My name is Sam and I want to share with you my son Peter’s story of epilepsy since 1990. I’ll cut this as short as I can. You will note that in my story the fine medical doctors are far from perfect to say the least. Further, medical schools and the drug companies believe or pretend to believe they have all the right answers. Well, they don’t!

Please do not be bullied and do not be afraid to question every doctor’s statements.

Day one, we called a home visit doctor who checked Peter over and declared that all was well just give him a baby aspirin. Aspirin???

Aspirin can cause Reye’s Syndrome, a deadly disease, that strikes swiftly and can attack any child, teen, or adult. In fact it is now included as a warning on many aspirin containing products, DO NOT GIVE ASPIRIN TO THOSE UNDER 18. We did not give him aspirin, my wife and I knew better. We were stunned at the doctor’s suggestion of using aspirin.

On day 2 Peter still had a mild fever and was now lethargic as he lay on the sofa. I left the office early. My wife Angela and I took 8 year old Peter to his 62 year old pediatrician. It was 4pm on a Friday of a coming long weekend. Traffic in Toronto was at a usual standstill.

As we walked into the doctor’s office Peter was almost half asleep. The doctor examined Peter and upon finishing called me into the other room as my wife helped dress Peter. “Do not tell your wife but your son has a large abdominal tumor. I will call Toronto’s Sick Children’s Hospital to admit him immediately. They will be waiting for you. It doesn’t look good at all.”

After I picked myself off the floor I said, “Doctor how can this be? “Oh these things can happen in short order.” he said. “Are you sure? He may only need to go to the toilet.” I said “No. I can feel a large mass by his bowels.”

“Doctor please get us a Taxi as I’m too shaky to drive. And, I must tell my wife!” Taxis were impossible to get. When we got to the hospital 3 doctors were waiting for us. They all gave us the same gloomy look of no hope, training their eyes on Peter. After some 8 hours we had only the same diagnosis with some hesitation. We heard the ultrasound department head arrived, called back from cottage country just for Peter. Then the great news. Peter had to urinate!!!!! That was the large mass! After urinating a 1 ½ litres of urine he was taken in for a spinal tap and MRI scan.

My wife, my older son and I hugged each other not knowing how to react to all this. Now the bad news. Peter had somehow contracted viral encephalitis.

Fingers started to twitch. A neurologist was called in. She diagnosed possible seizures. Peter was put into isolation with 2 other kids with who know what other illnesses. During a break in all the action at around 10 am of the following day. I went down to the hospital medical library, told them I was a medical student and asked for any articles on viral encephalitis. I got lucky. No questions asked, the attendant gave me a photo copy of a story about a boy about Peter’s age who had an incredibly similar situation. The drug used, was Acyclovir.

I approached the resident doctor in charge and asked if Peter was on Acyclovir. He told me they were considering starting him on it or another new drug. I showed him the article I got at the library. Within an hour he was in to inform me that Peter would be put on this drug as soon as the pharmacy sent it up. It took several hours for the drug and the doctors to administer it. Why the delay? If he had viral encephalitis this was the only drug to give ASAP!!

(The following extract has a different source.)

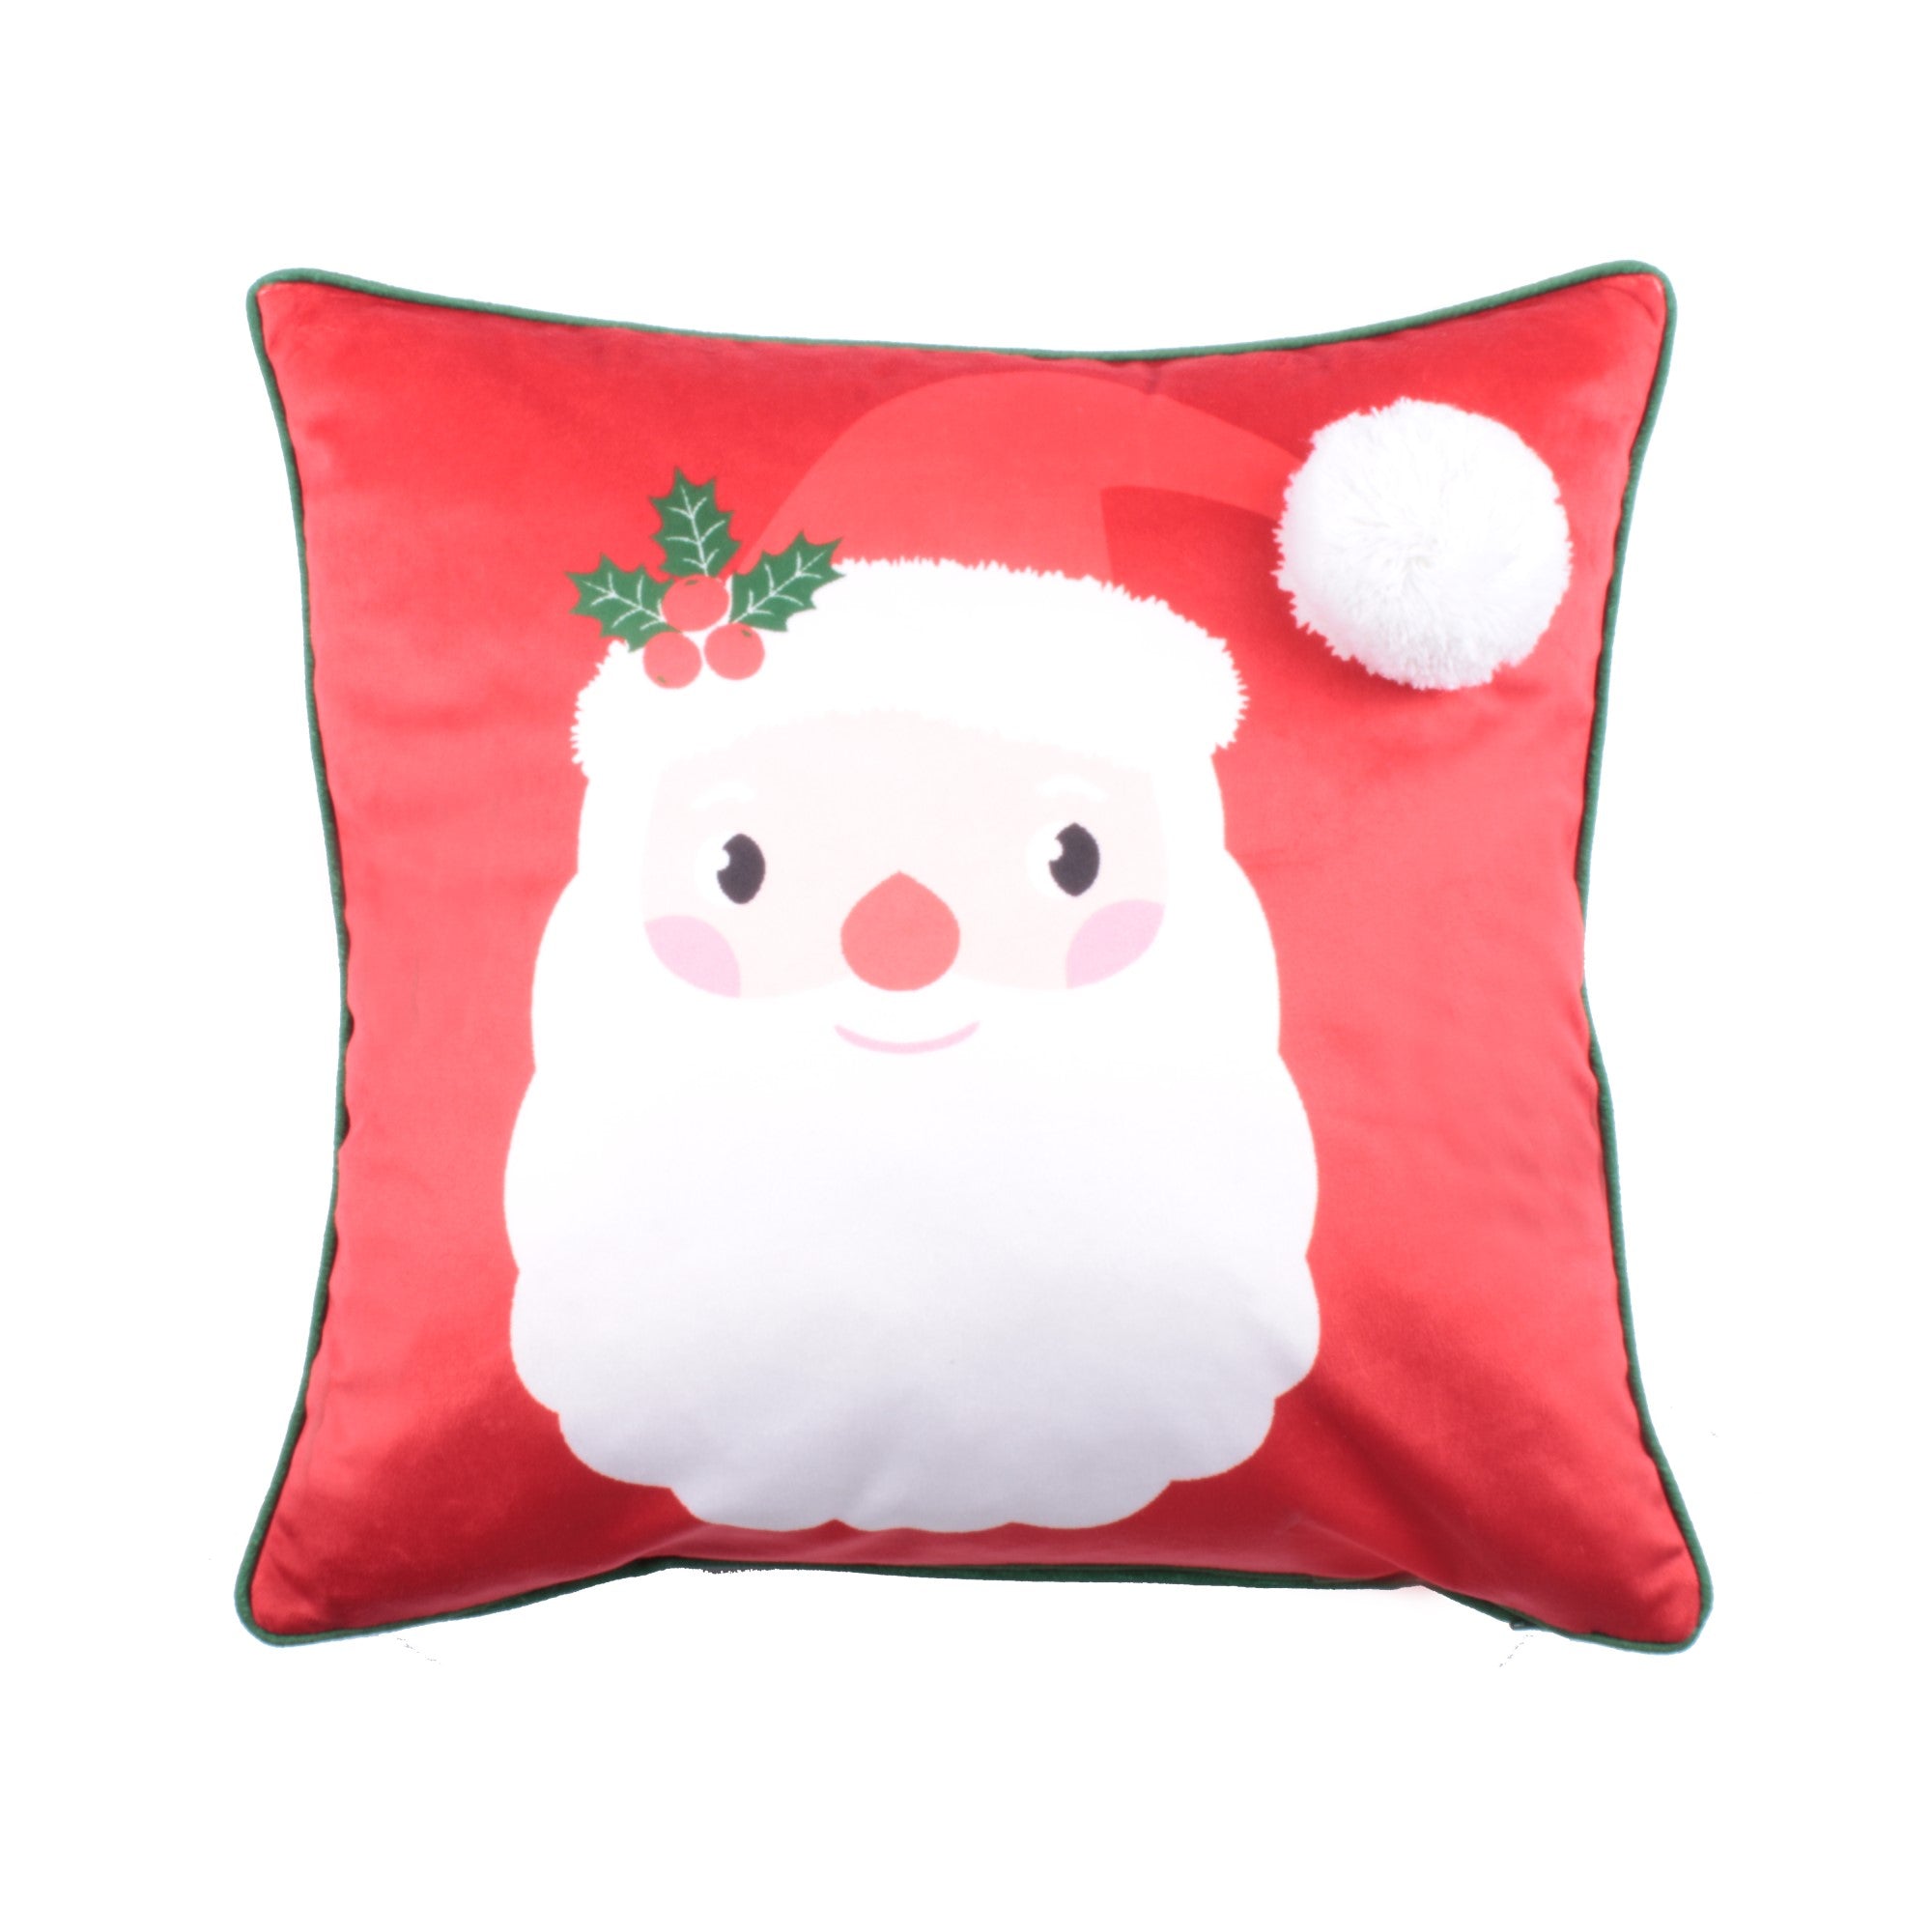 Filled Cushion Jolly Santa by Bedlam in Red

Had I not shown him the article what would the doctors have done? I wonder. By the 4th day Peter had gone through CT scans, MRI scans, a myriad of spinal taps, EEG’s, blood work, and other tests that always left us drained as we waited for results. Peter seemed to become more and more lethargic as twitching increased dramatically.

On day 5 we were called into a boardroom to meet with various doctors involved in Peter’s case. We were told to prepare for the worse. At best they predicted that there was a high probability that he would never walk, talk, feed himself, or recognize us. In other words they were preparing us for what their prognosis was, a vegetative state, if he even survived at all.

Words of encouragement were few and far between. My wife and I left the room in a complete stupor. When we returned to Peter’s side we sensed that the life force was still strong in Peter’s body. Why were we hanging on to hope? Could these doctors all be wrong? Were we as parents hanging on to impossible hope ? Meanwhile his seizures continued even though he was in a comatose state. Tears welled up in our eyes. How much more could we take of this? I had just had my second radical chest surgery for cancer, and I was still trying to recover. And now this!

The doctors could see the strain in our faces. As we spoke positive words into Peter’s ears between the numerous seizures we were reminded that perhaps we were not grasping the seriousness of the event. Within 2 days of the meeting we found ourselves in the office of the hospital psychiatrist. He went on to say that we needed to accept that things may not turn out as well as we may think. At that point we told the good doctor that we preferred to be more hopeful.

Eventually he was placed into a 4 bed ward with other epileptic children. Three were there because vaccinations had caused the seizures. Parents take note! Peter was now having about 50 to 100 seizures a day. But somehow we had the feeling that Peter had taken a turn for the better. He was coming out of his semicomatose state day by day. He started to eat. He seemed to recognize us as mom and dad. But, his speech was very garbled and sketchy. He had great difficulty retrieving his words. He didn’t know the names of things.

We began to re teach the alphabet, colours and nursery rhymes. His numbers were partly there from 1 to 10. We kept pushing him to 20 then 30 and 50. t this point for us the miracle we were hoping for was taking shape. He began making food choices and asking questions. This was truly music to our weary ears. e told the doctors and nurses about this progress. The doctors basically told us that it was most likely “Parent’s Wishful Thinking”! The nurses were much more understanding. At times my wife and I questioned ourselves. Were the doctors right ?

Were we being overly optimistic? Still, we stuck to our hopes.

Meanwhile rectal, injected and swallowed medications could not stop the onslaught of seizures. The doctors searched for the prefect drug combo but progress was very slow. My wife and I became experts at suctioning his quarts of seizure saliva in order to prevent choking. In fact we gave demos for the medical students that came through on parade.

It wasn’t long before we had a second meeting with the psychiatrist, he told us that it was common for parents to be in denial when their children are seriously ill. He suggested that due to our lack of sleep we may be imagining that our son was making the progress we claimed. This really infuriated me. I told him, “Doctor with all due respect are you aware that according to a 1980 study done by the American Psychiatric Association, psychiatrists commit suicide at rates
double that of the general public ? So please don’t dictate to us what we are and are not seeing about our son’s progress.” This caught him totally off guard. My wife took me aside and told me to cool down. I apologized to him. Then he suggested that if Peter recovers we should send him to a fine school OWNED by his PhD wife. That’s when we stood up and walked out of the room.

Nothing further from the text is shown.